I have some really good guides to help me make my decisions. I try to remember that, even if this road does not feel well-worn, it has indeed been traveled before and is not fully unchartered territory.

Again, all this freedom can feel scary. When I feel pings and pinches and pains in my abdomen, I worry that I am stepping too close to the edge by taking this break.

But I am here. I remain conscious that a misstep can preclude a big drop and fatal fall, but I remind myself to concentrate on the view and how grateful I am to be part of it. And when I look closely, I can see that life blooms in many places, often where I least expect it.

Desert flower Cactus in bloom

Love, beauty and blessings,
Marie

 

Back to the Ordinary

“It’s hardest to love the ordinary things,” she said, “but you get lots of opportunities to practice.”

Brian Andreas for StoryPeople

I get to celebrate my birthday! I never used to care about birthday celebrations, but now I am just so tickled to grow another year older that the day itself feels special even if nothing is planned.

During chemo, I plan my life in one-week cycles: One week set aside for chemo and recovery, and one week set aside for ordinary life. Now that I am on a chemo holiday, I am thrilled to have many weeks in a row set aside for ordinary life.

I considered what to do with this block of time. My world often feels so small during treatments. Maybe we should rent a villa in Italy? Visit friends in Greece? Take the kids on a tour of Europe? Go to Hawaii? Alaska? Australia?

A feeling of accomplishment feels wonderful and would be a nice change. Should I begin a new knitting project? Acquire a new skill? Read my pile of books? Write a book? Return to rowing? Organize our home? (ha ha ha ha)

Connection feeds my soul. Maybe I should jump onto the already-moving train that is my family. I could actually be present for my children at their events and spend time with my husband. We could visit friends and help others. We could strengthen each other and laugh and have fun.

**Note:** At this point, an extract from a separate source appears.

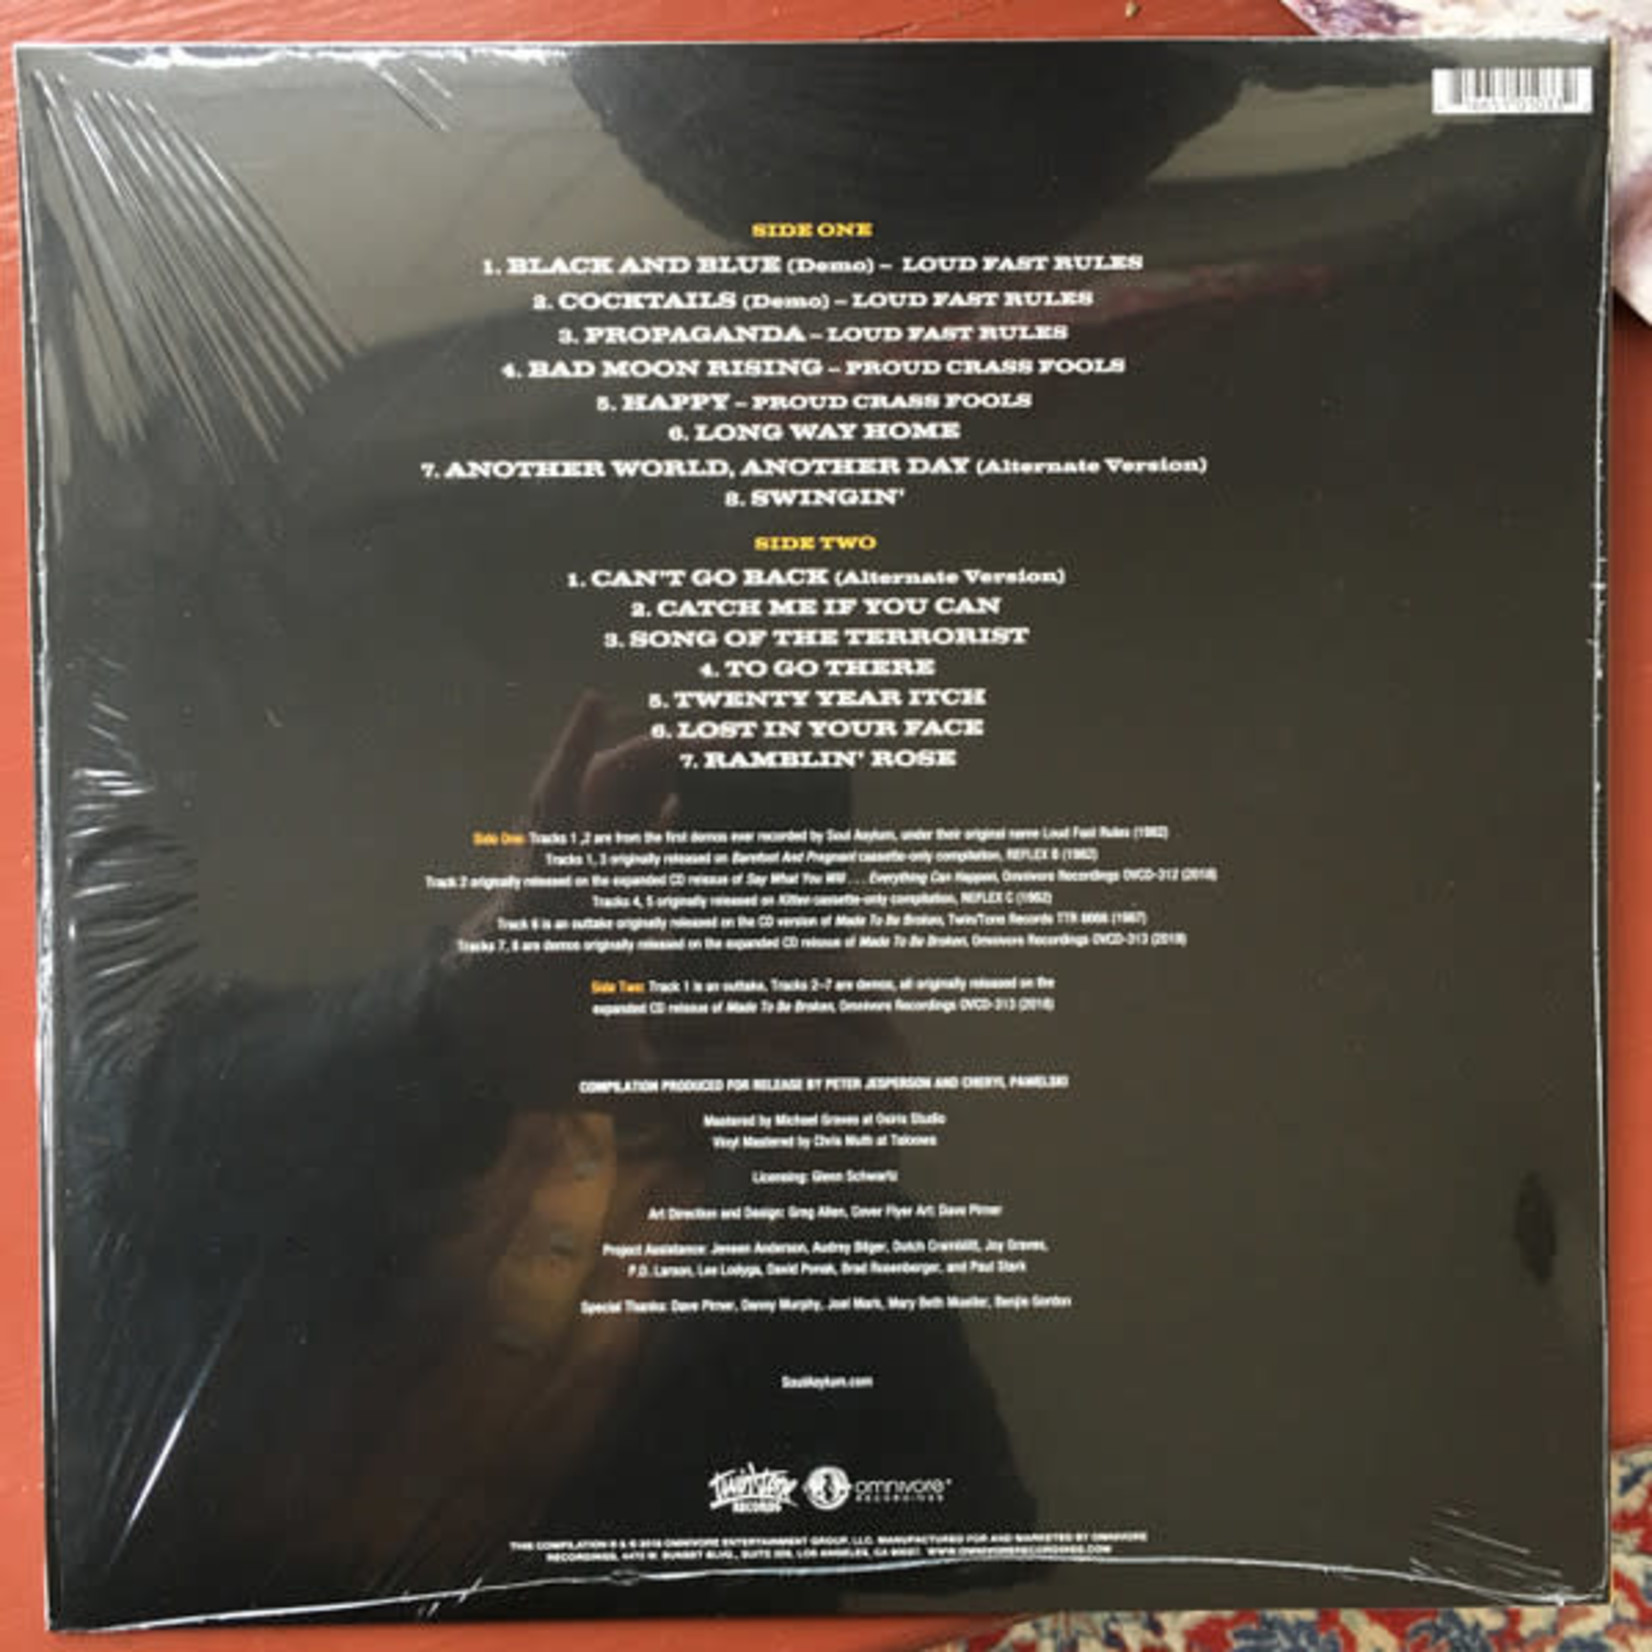 Omnivore Soul Asylum - Twin/Tone Extras (LP)

I haven’t figured out how to do all of this, and it might not be possible. But if I don’t select something, I may end up not doing anything.

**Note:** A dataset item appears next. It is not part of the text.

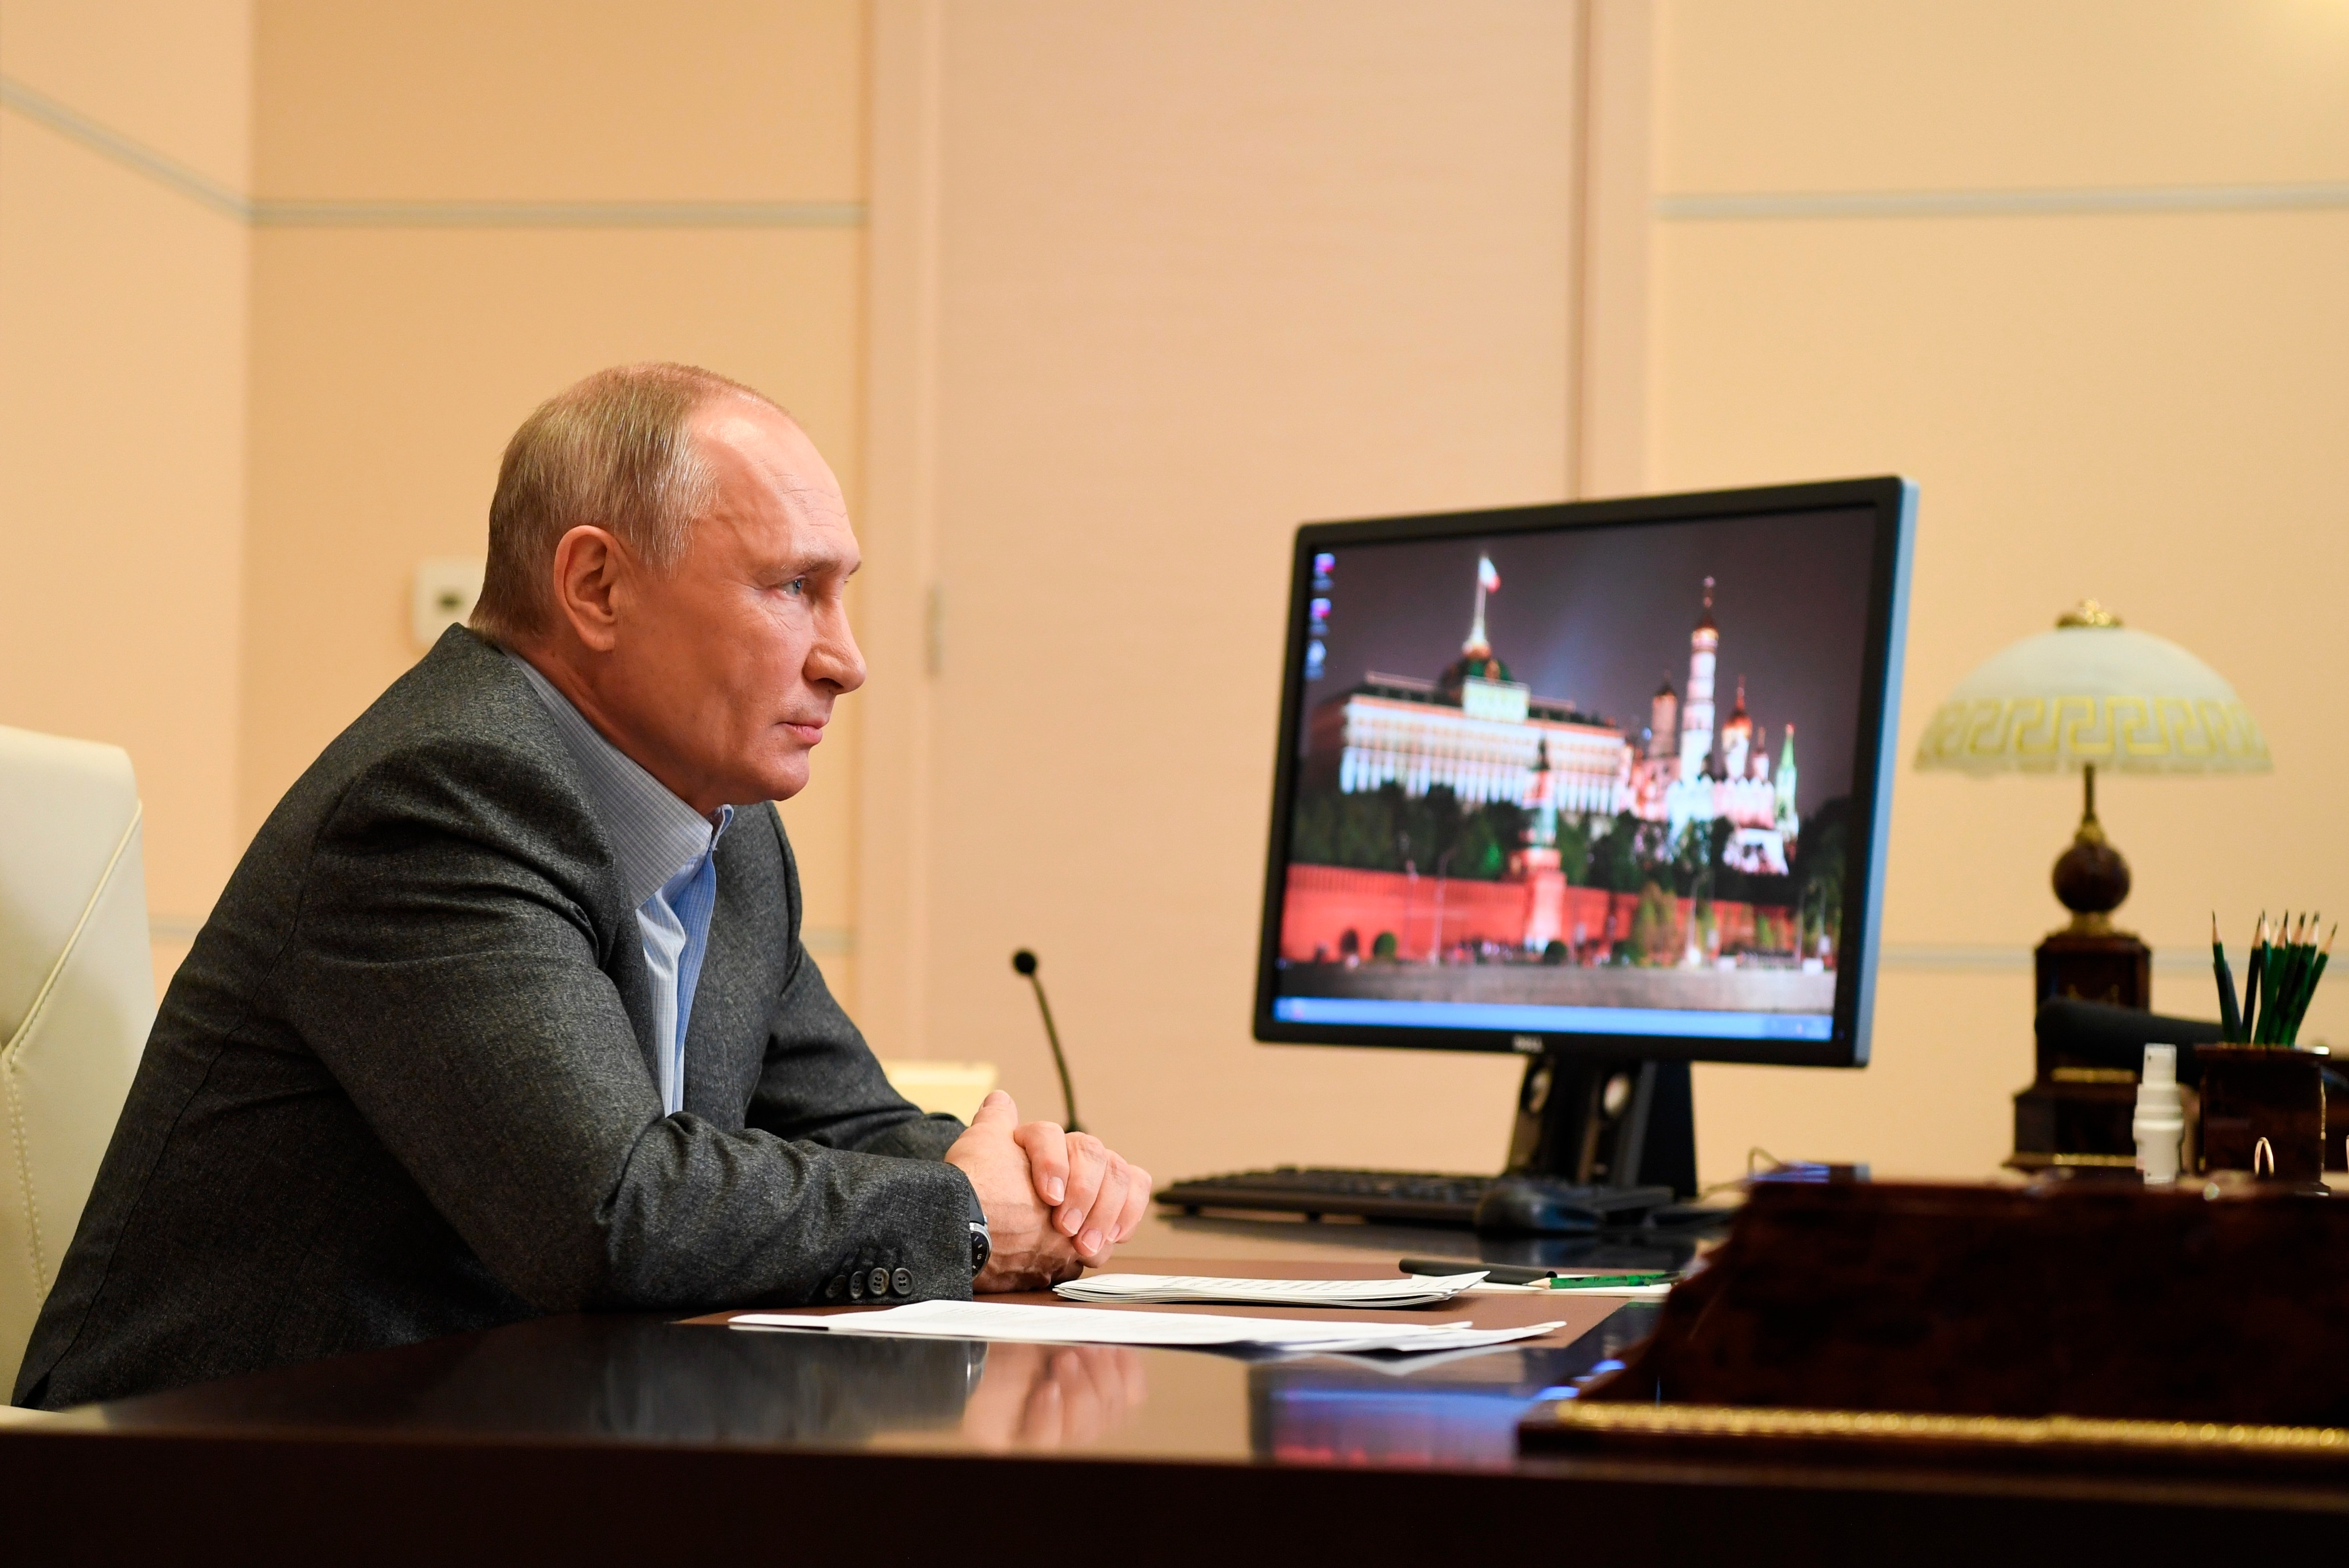 Putin challenges Biden to chat with him in a ‘live’ conversation

How to decide? I considered what I miss the most when I am doing chemo. I miss the ordinary. I miss taking a shower, eating without nausea and moving without being tethered to a tube.

I miss thinking about what my family needs and being able to act on it. I miss easy laughter and relaxing times with family and friends. I miss exercise. I miss helping others. I miss traveling. I miss the ability to plan ahead.

So I’m working through all this while I enjoy cooking our daily meals, the impromptu visits of our friends (both adult and children!), and all the busyness that accompanies the end of the school year. No decisions yet, but maybe soon.

I suspect that my birthday will be an ordinary day, driving kids here and there, cooking creatively and seeing friends. And that is just perfect.

Excerpted from The Parent’s Tao Te Ching, Ancient Advice for Modern Parents by William Martin. Good words for me to remember for myself.

From the chapter Make the Ordinary Come Alive

Help them instead to find the wonder
and the marvel of an ordinary life.

Show them the joy of tasting
tomatoes, apples and pears.

Show them how to cry
when pets and people die.

Show them the infinite pleasure
in the touch of a hand.

And make the ordinary come alive for them.
The extraordinary will take care of itself.

Thank you thank you thank you for your very presence, making my very ordinary life to feel extraordinary in the most beautiful ways.